The poem is organised at the start into groups of four monorhyming lines, but towards the end the groups become more irregular, suggesting that the poet is not really thinking of these groups as formal stanzas.  As is quite common in early Middle English verse, rhyme is combined with alliteration.  The alliteration initially solidifies what is similar about love within each line, but, towards the end, the poet uses alliteration and other types of sound echo to link together antitheses, perhaps emphasising their paradoxicality.

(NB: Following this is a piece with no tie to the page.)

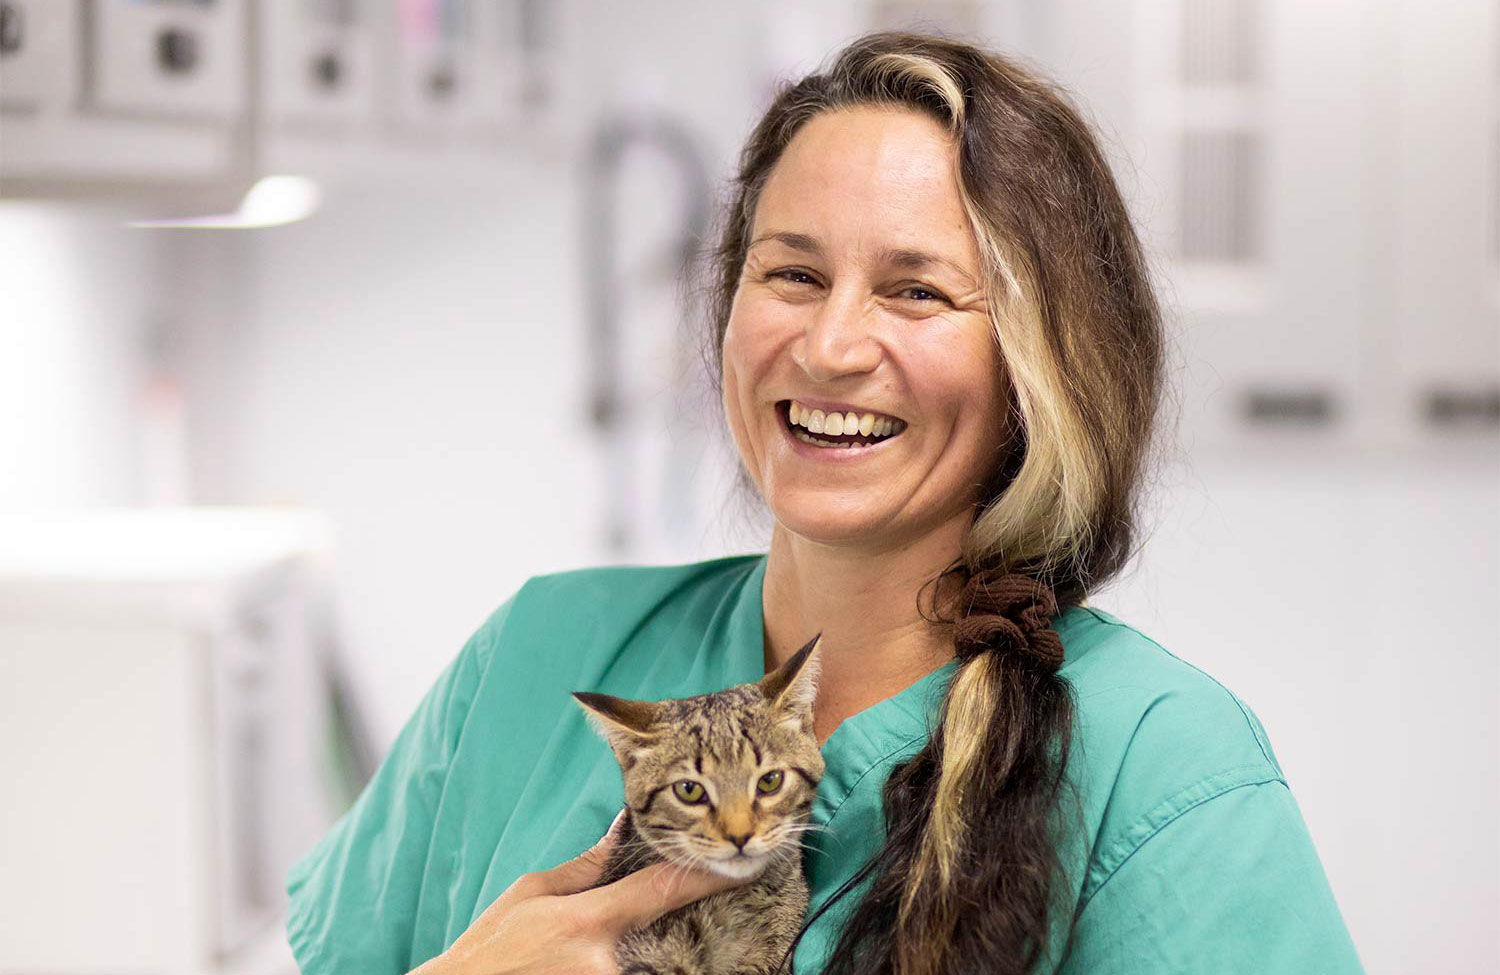 A smiling Jennifer Weisent holding a gray tabby cat.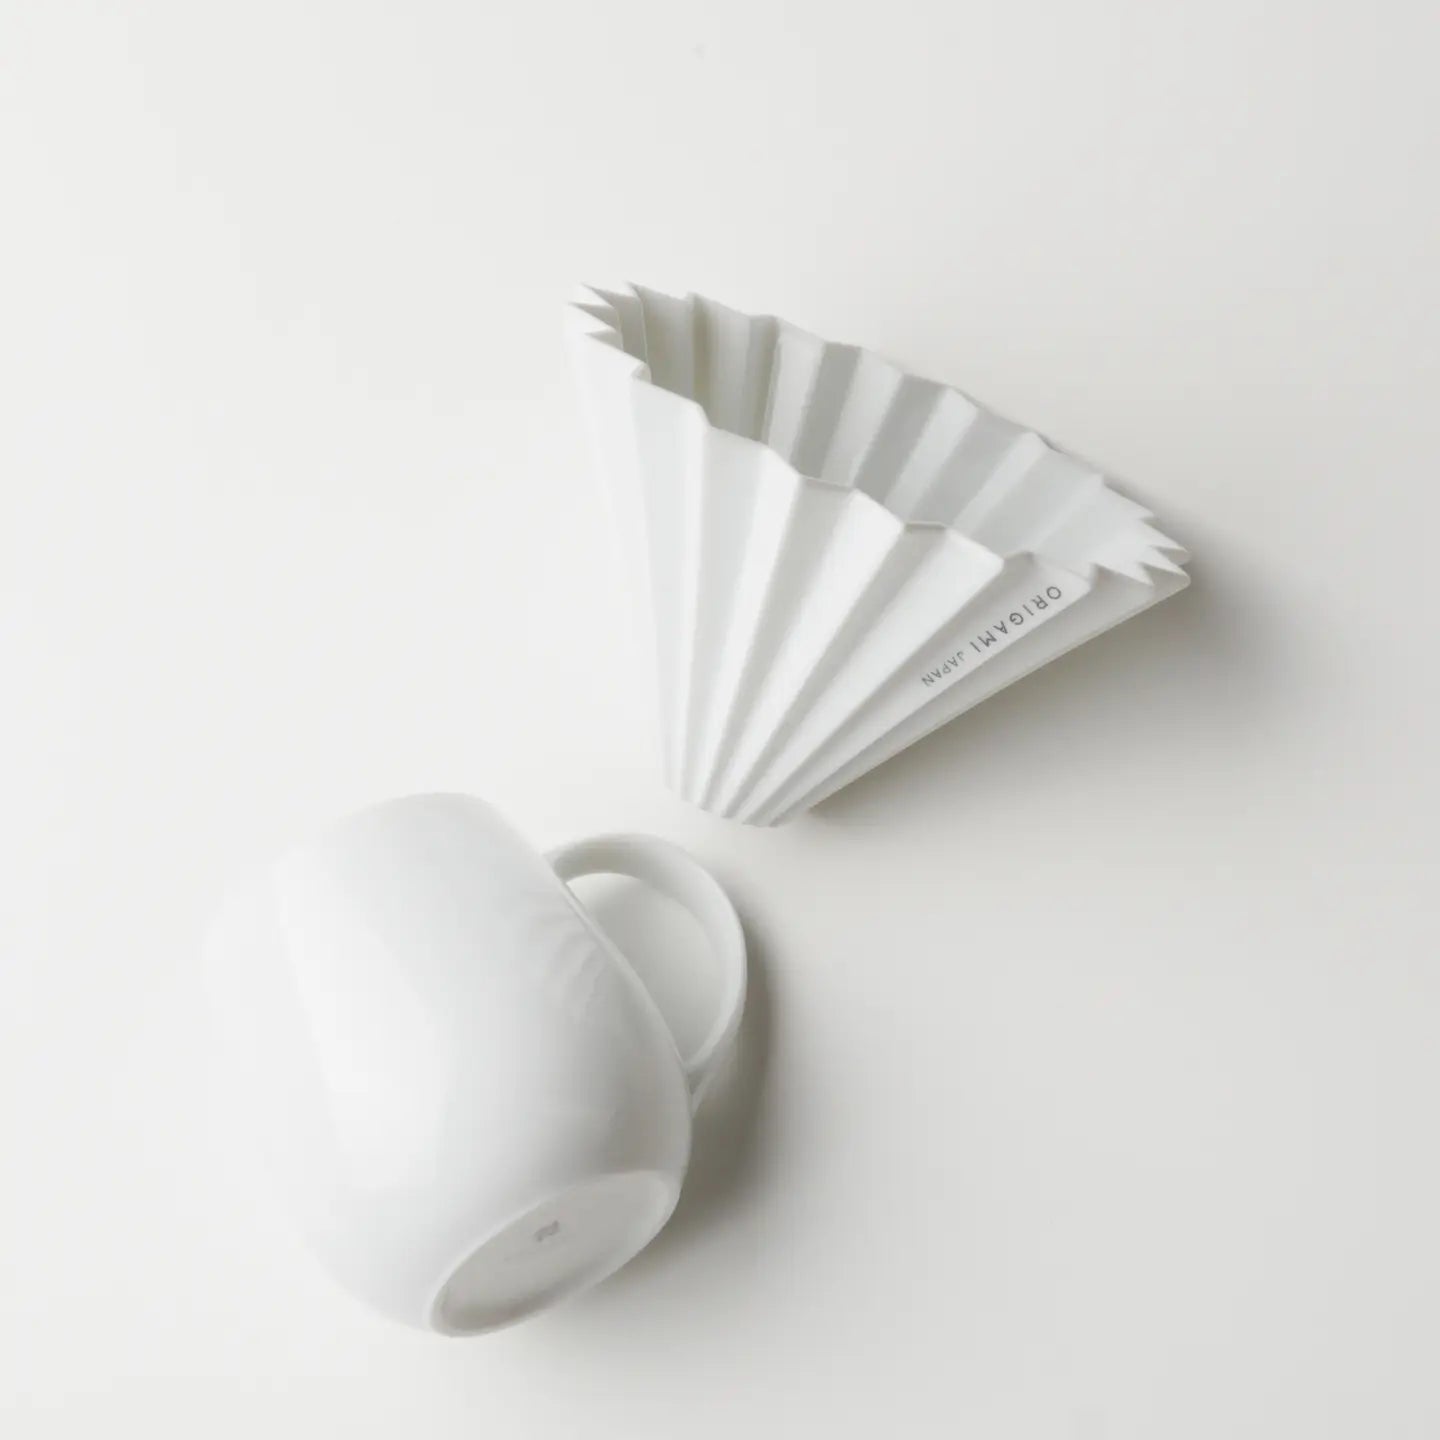 A white ORIGAMI Barrel Aroma Mug and a matching white porcelain ORIGAMI Coffee Dripper

Love is soft, love is swet, love is good sware;
Love is muche tene, love is muchel care.
Love is blissene mest, love is bot yare;
Love is wandred and wo, with for to fare.
Love is hap who it haveth, love is god hele;
Love is lecher and les, and lef for to tele;
Love is doughty in the world, with for to dele;
Love maketh in the land many unhele.
Love is stalworthe and strong to striden on stede;
Love is loveliche a thing to wommmane nede;
Love is hardi and hot as glowinde glede;
Love maketh mani may with teres to wede.
Love hath his styward by sti and by strete;
Love maketh mani may hire wonges to wete;
Love is hap, who it haveth, on for to hete;
Love is wis, love is war, and wilful ansete.
Love is the softeste thing in herte may slepe;
Love is craft, love is good with cares to kepe;
Love is les, love is lef, love is longinge;
Love is fol, love is fast, love is frovringe;
Love is sellich an thing, whoso soth shal singe.
Love is wel, love is wo, love is gladhede,
Love is lif, love is deth, love mai us fede.
Were love also longdrei as he is first kene,
Hit were the wordlokste thing in world were, Ich wene.
Hit is y-said in an song, soth is y-sene,
Love comseth with care and endeth with tene,
Mid lady, mid wive, mid maide, mid quene.

[Love is soft, love is sweet, love is a gentle answer; love is great torment, love is great sorrow; love is the greatest of joys, love is a quick remedy; love is misery and woe to live with.  Love is good luck for whoever has it, love is good fortune; love is adultery and lies, and eager to betray; love is excellent to have dealings with in the world; love makes in the land many unfaithful people.  Love is powerful and strong to mount a horse; love is an excellent thing necessary for women; love is as fierce and hot as a glowing coal; love makes many a maid lose her senses with crying.  Love has his servant everywhere; love makes many a maid wet her cheeks [with tears]; love is good luck, for he who has it, one for to inflame; love is wise, love is wary, and a cunning enemy.  Love is the gentlest thing which may sleep in one’s heart; love is a virtue, love is good for keeping sorrows in check; love is false, love is precious, love is yearning; love is foolish, love is constant, love is solace; love is a marvellous thing, whoever will tell the truth about it.  Love is joy, love is sorrow, love is happiness, love is life, love is death, love is able to nourish us.  If love were as long-lasting as it is eager at first, it would be the most valuable thing in the world, I suppose.  It is said in a song — its truth is self-evident — love arrives with sorrow and departs with suffering, [whether you are in love] with a lady, with a wife, with a maiden [or] with a queen.]

Text from Medieval English Lyrics, 1200-1400, ed. Thomas G Duncan (Penguin, 1995), spelling and punctuation modernised; Modern English translation my own.

* Salomon Hegnauer, ‘The Rhetorical Figure of Systrophe’, in Rhetoric Revalued: Papers from the International Society for the History of Rhetoric (Binghamton, NY: Center for Medieval & Early Renaissance Studies, 1982), pp. 179–86.